__Dataset excerpt__.
-=-=-

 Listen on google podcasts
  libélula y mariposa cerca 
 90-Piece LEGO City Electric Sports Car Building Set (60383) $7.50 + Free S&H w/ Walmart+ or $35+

-=-=-

__What you should do__.
Return the material exactly as it stands.

__Answer box__.
 Listen on google podcasts
  libélula y mariposa cerca 
 90-Piece LEGO City Electric Sports Car Building Set (60383) $7.50 + Free S&H w/ Walmart+ or $35+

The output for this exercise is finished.